Gabriele Galateri di Genola, Chairman of Assicurazioni Generali, said: “The Board’s list, which we have approved today, ensures outstanding skills, professionalism and international standing, following the conclusion of the transparent selection process and, due to the consultation activities undertaken, reflects the best interests of investors. I am certain that the candidates will be able to support Generali in the delivery of the new ‘Lifetime Partner 24: Driving Growth’ strategy and will be best placed to successfully overcome the global challenges that large insurance groups such as ours will face in the years ahead. The energy and professionalism of the ‘ad-hoc’ appointments committee, created specifically to ensure a fully transparent process, was also of benefit to the work of the Board.”
The nominated candidates, which also includes the indication for the roles of Chairman and CEO, are as follows:
- Andrea Sironi, independent, co-opted on 28th February 2022, indicated as Chairman
- Clemente Rebecchini, non-independent, current vice chairman, director since 11th May 2012
- Philippe Donnet, non-independent, Chief Executive Officer since 17th March 2016, indicated as Chief Executive Officer
- Diva Moriani, independent, director since 28th April 2016
- Luisa Torchia, independent, co-opted on 28th February 2022
- Alessia Falsarone, independent, co-opted on 28th February 2022
- Lorenzo Pellicioli, non-independent, director since 28th April 2007
- Clara Furse, independent, new candidate
- Umberto Malesci, independent, new candidate
- Antonella Mei-Pochtler, independent, director since 7th May 2019
- Marco Giorgino, independent, new candidate
- Sabine Azancot, independent, new candidate
- Monica De Virgiliis, independent, new candidate
The list was prepared on the basis of the procedure approved by the Board on 27th September 2021, subsequently amended on 9th December, and is in line with international best practice and the indications provided by the Board as well as resulting from consultations with the main shareholders, proxy advisors and associations which represent institutional investors. In particular, it includes:
- compatibility with the Company’s business goals and the objectives of the new strategic plan, with priority to understanding the insurance and financial market, the ability to understand and assess the business model and medium/long-term strategic scenarios;
- the candidates’ international standing (including experience in different geographical regions);
- valuing diversity;
- further extending expertise in the fields of governance, sustainability and in the digital and information technology sector with an international outlook;
- the guarantee of the presence of a clear majority of independent directors in accordance with the Corporate Governance Code;
- the presence and broad diffusion of soft skills, including: independence of thought, ability to work collectively and to interact with management and, in general, aptitude for dialogue, a balanced approach to achieving consensus, also with a view to managing conflicts in a balanced and constructive manner;
- its preparation well in advance of the statutory terms in order to allow timely analysis by the interested parties.

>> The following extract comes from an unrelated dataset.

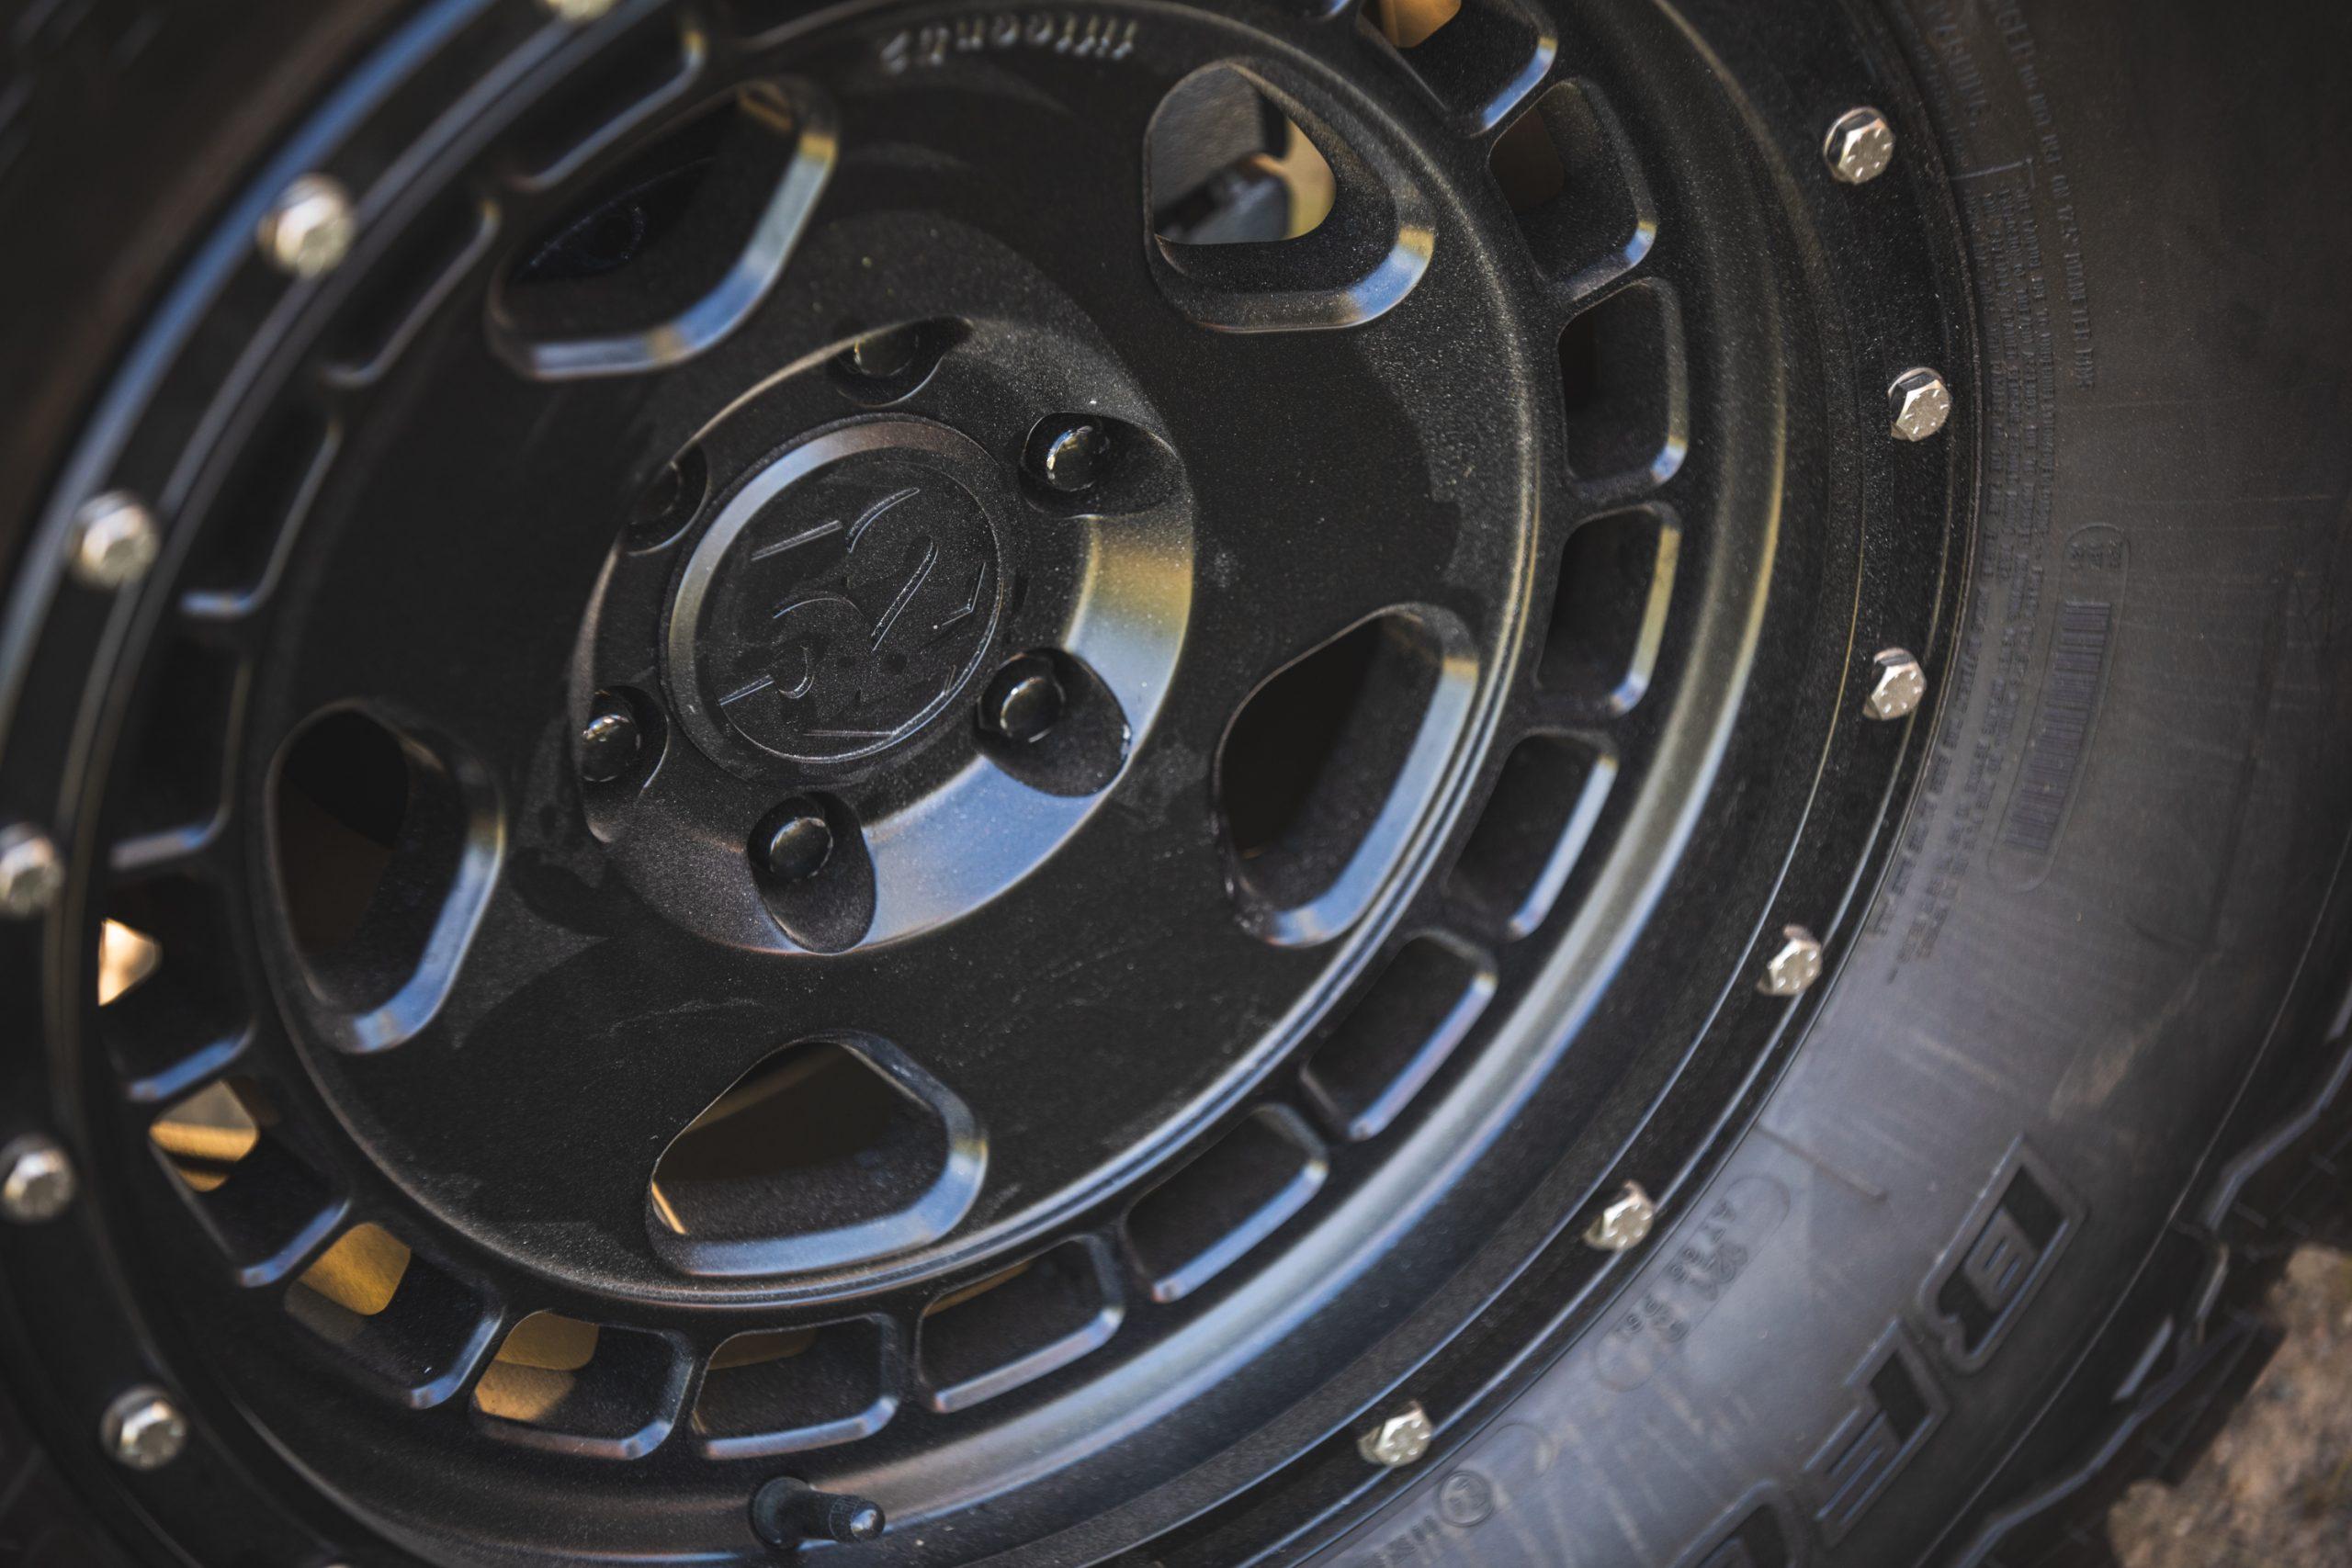 2021 Ford Bronco Method Wheel BFG Tire

The Board will propose to the AGM that the next Board of Directors continues to be composed of 13 members.
The Board also strengthened the concept of independence, as taken from the Corporate Governance Code, and therefore modifying, in its internal regulations (Regulation of the Board of Directors and of the Board Committees), the definition of a "main shareholder" to the following: “a natural person or corporation who directly or indirectly, also through subsidiaries, trustees or third parties, controls the Company or is able to exercise a significant influence over it or who is part, directly or indirectly, of a shareholders’ agreement through which one or more parties exercise control or a significant influence over the Company. In this connection, “significant influence” indicates a situation where a natural person or corporation holds, directly or indirectly, also through subsidiaries, trustees or third parties, an interest greater than 3% of the Company shares with voting rights.” Therefore, a shareholder director for which applies one of the aforementioned situations, as well as a director who is, or has been, in the previous three years, an executive director or employee of a main shareholder of the Company, is considered non-independent.
The candidate documentation will be being published on the Company's website.
1Corporate Governance Workshop 2021. The European House - Ambrosetti.